O roteiro de David Franzoni, John Logan e William Nicholson finca sua estrutura na meticulosa trajetória de vingança de Maximus Decimus Meridius, um general destituído de poder e dignidade após a traição de Cômodo, filho inescrupuloso do imperador. No primeiro ato, Russell Crowe e Richard Harris constroem uma relação que, apesar da aparente simplicidade, sustenta as reviravoltas épicas que virão. A morte de Marco Aurélio, por mais previsível que seja, surge com um impacto inevitável: quando o imperador cai, esgotado de guerra e decepções, inaugura-se uma tragédia que assola tanto os esquecidos pelas elites quanto os que as servem.
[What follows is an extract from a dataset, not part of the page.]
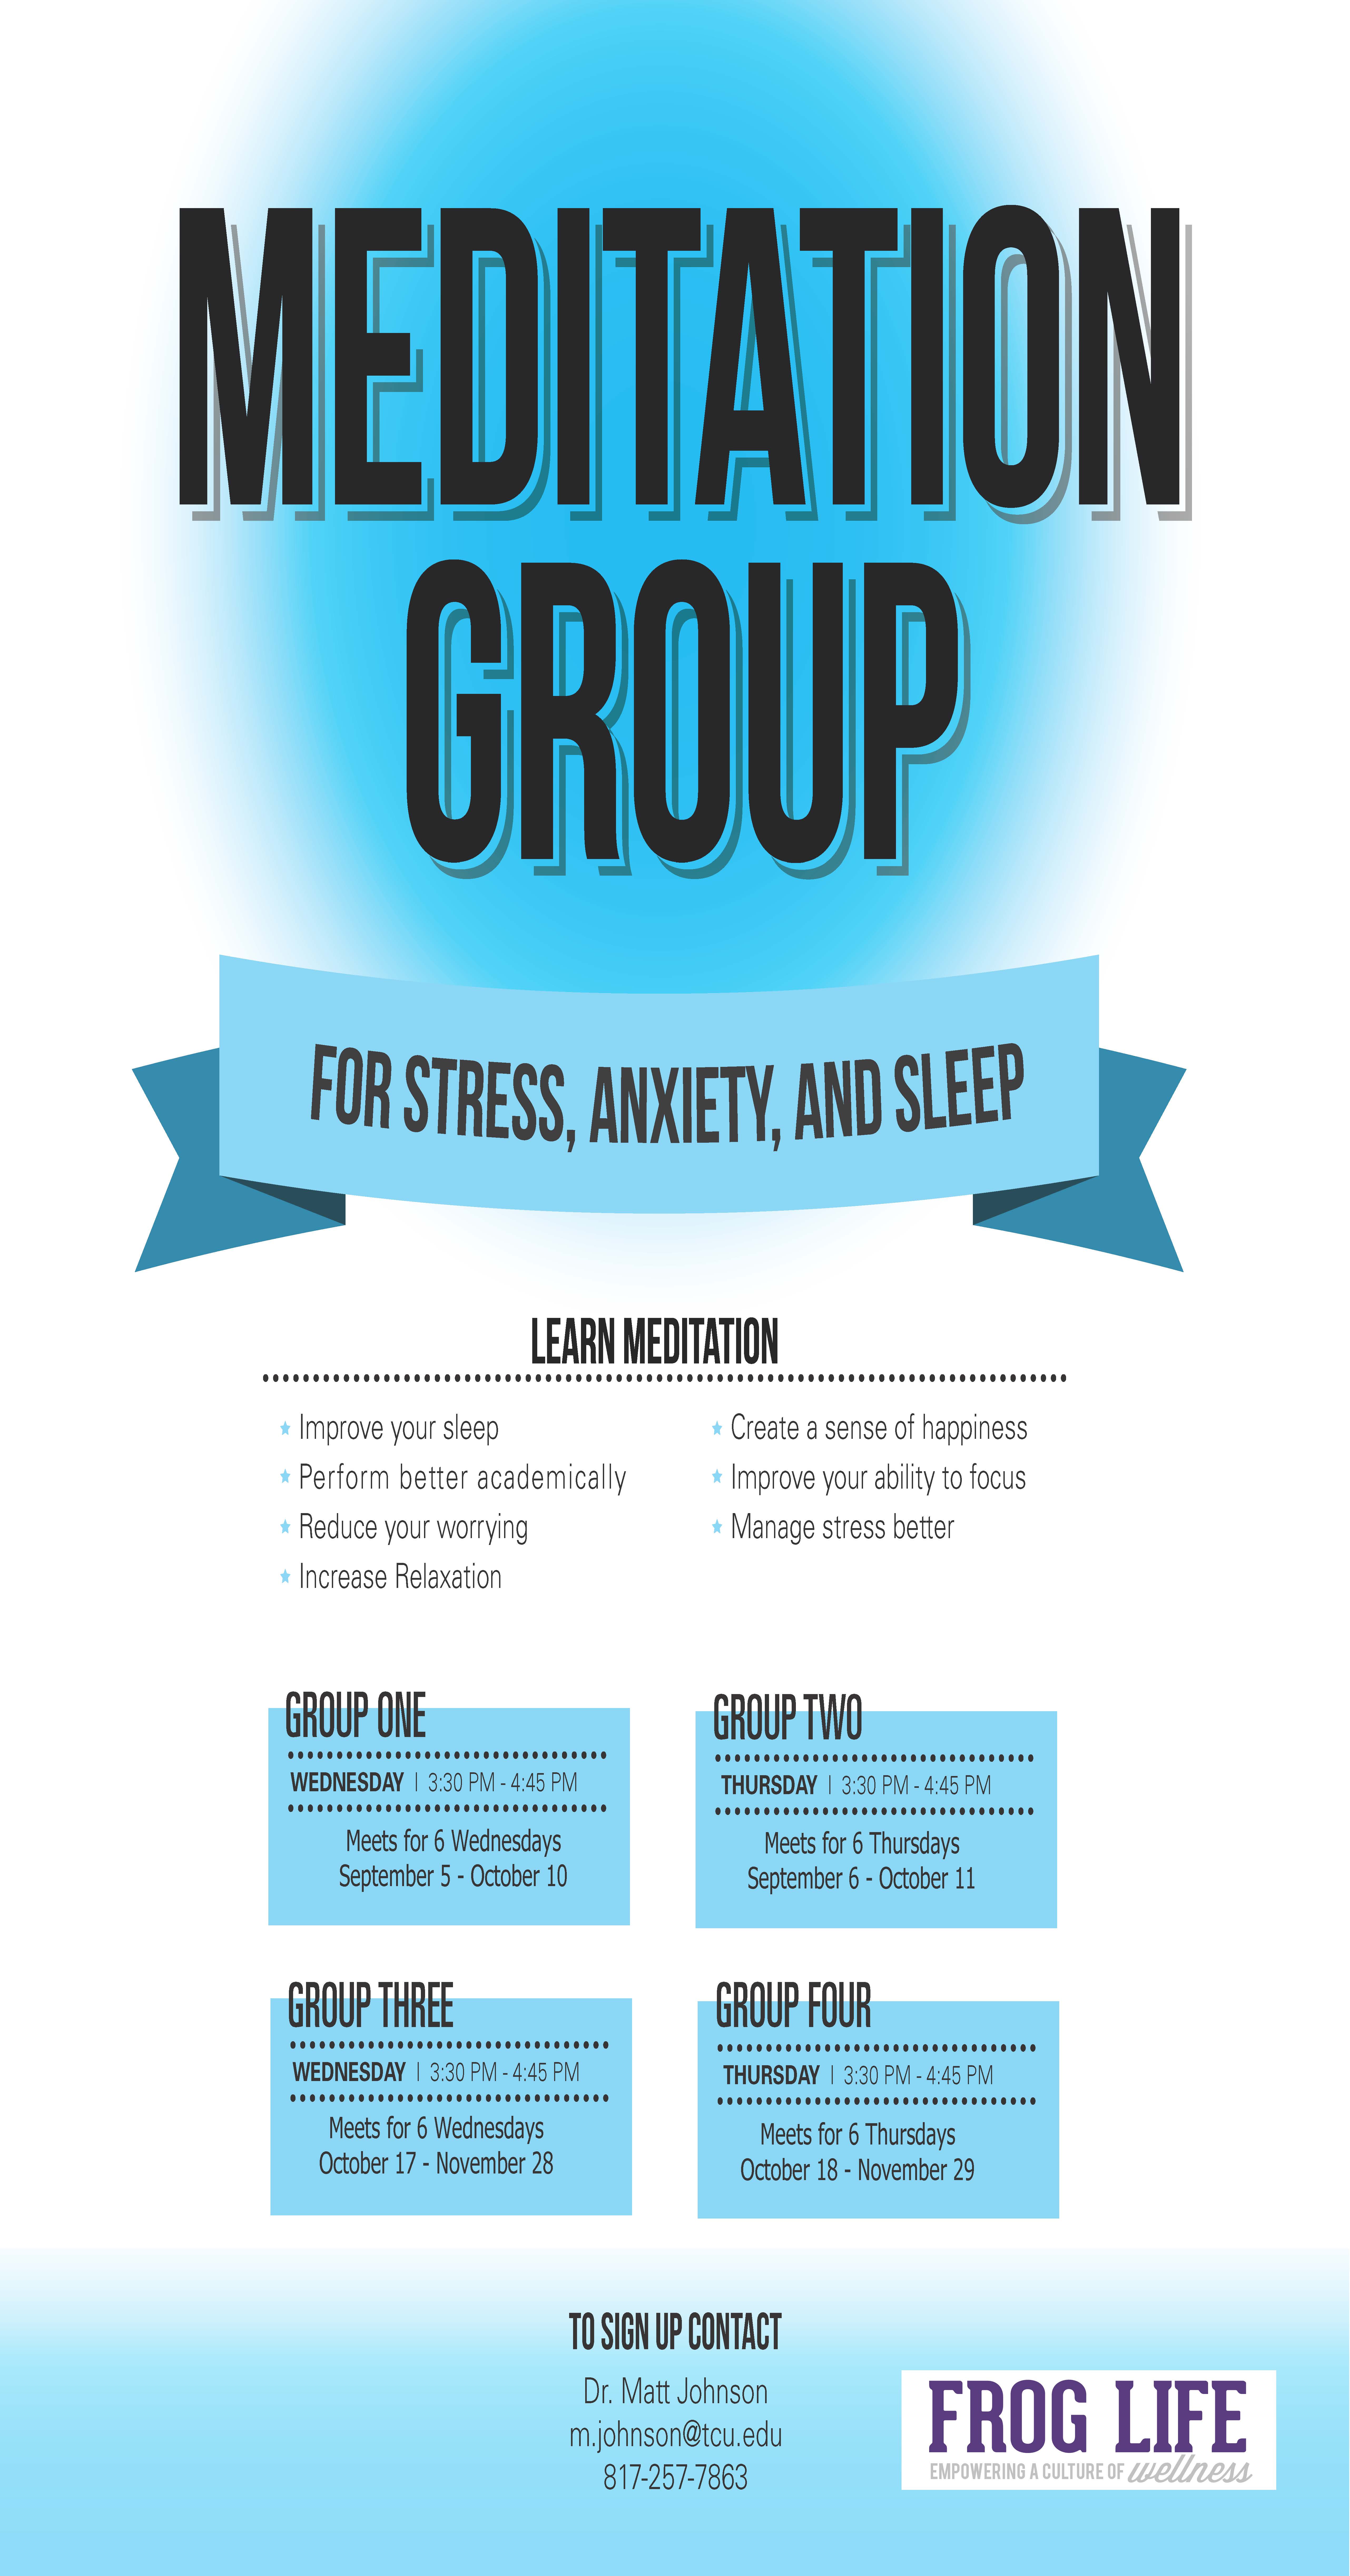 What2DoTCU Meditation Group for Stress, Anxiety, and Sleep

Roma, mesmo ostentando o título de farol da civilização, exigirá de Maximus o sacrifício máximo diante de um adversário que um dia chamou de irmão.
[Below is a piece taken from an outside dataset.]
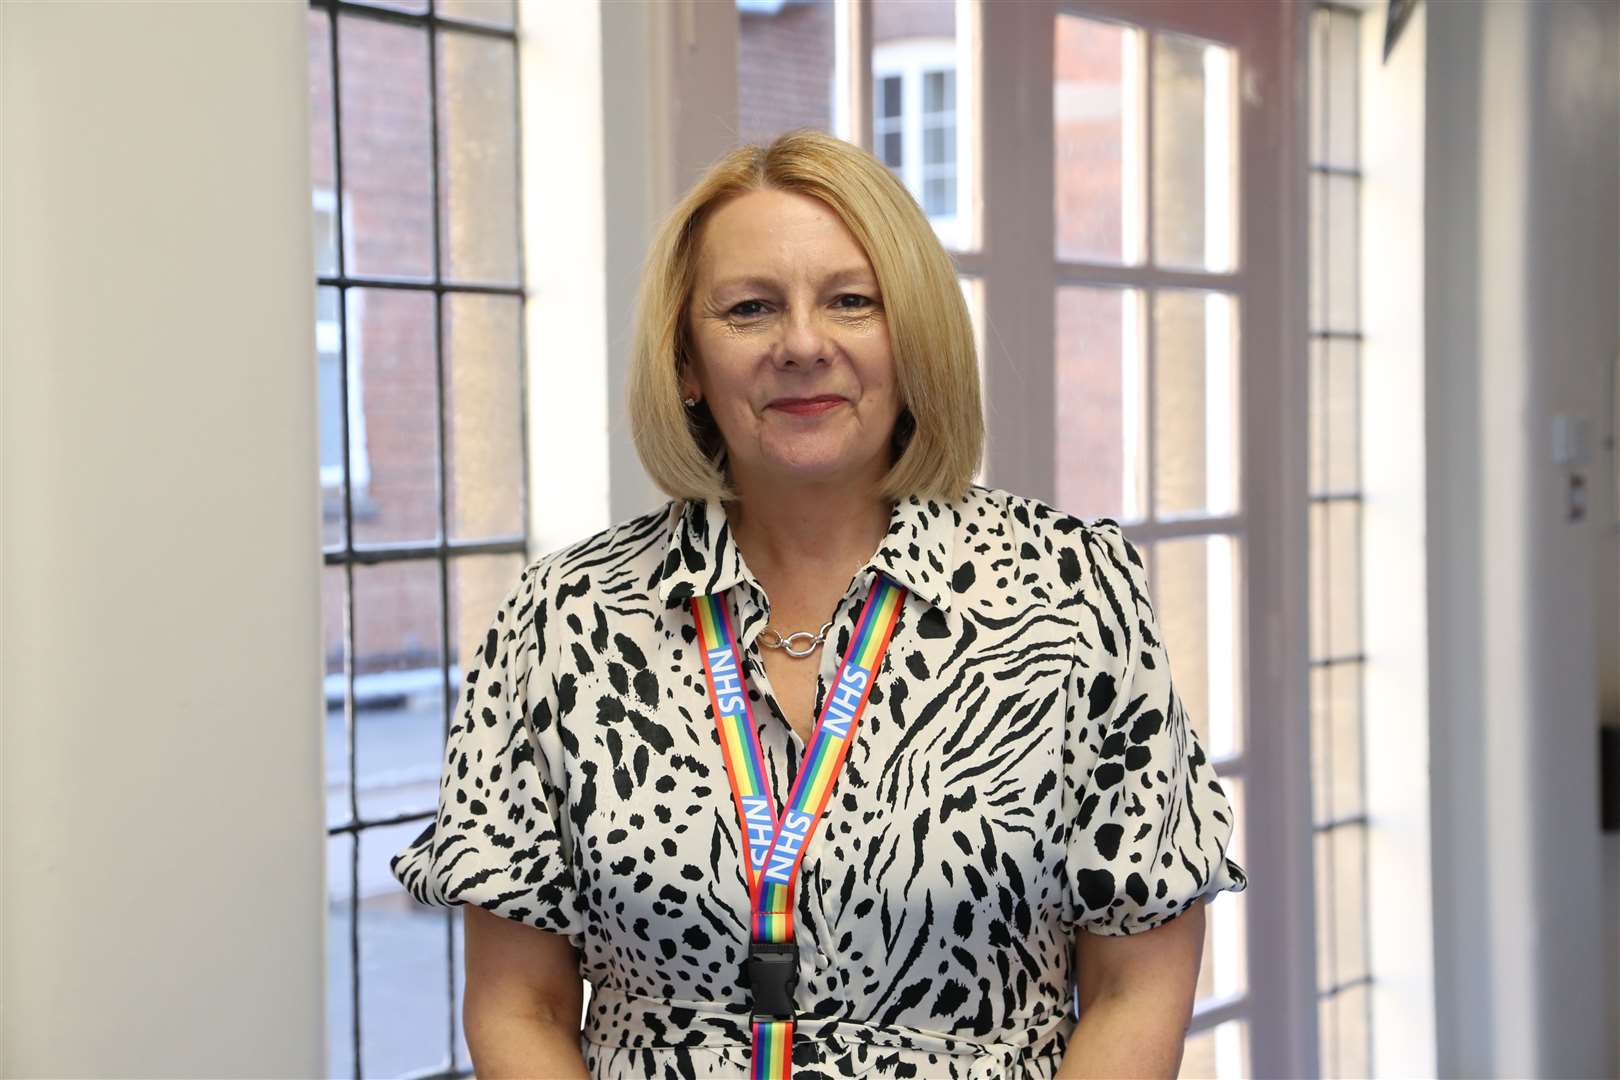 Jayne Black, chief executive of Medway NHS Foundation Trust

Ignorar a potência da atuação de Crowe seria um erro primário. Provavelmente no papel mais icônico de sua carreira, ele personifica um herói de poucas palavras, mas de gestos inconfundíveis, captados em closes estratégicos e cortes cirúrgicos de Pietro Scalia. Seu desempenho, digno do Oscar que recebeu, ecoa a grandiosidade de Charlton Heston em “Ben-Hur”, mas sua força se amplifica ao dividir a tela com Joaquin Phoenix, cujo comprometimento visceral ao método stanislavskiano faz de Cômodo um antagonista tão fascinante quanto desprezível.
Muito além dos duelos sangrentos que empolgam a plateia, o embate central do filme está na oposição ideológica entre esses dois homens: de um lado, a virtude açoitada pelo infortúnio; do outro, a depravação disfarçada de poder absoluto. Scott, ciente da complexidade de seu vilão, insere nuances reveladoras, como a relação ambígua entre Cômodo e sua irmã Lucila, vivida por Connie Nielsen, a única pessoa capaz de suscitar nele resquícios de humanidade. “Gladiador” encerra sua saga com um triunfo amargo, ao mesmo tempo melancólico e grandioso, garantindo seu lugar entre os colossos da sétima arte. Mérito de Crowe, Phoenix e de um diretor que, ao rejeitar convenções fáceis, moldou um épico que ressoa além do tempo.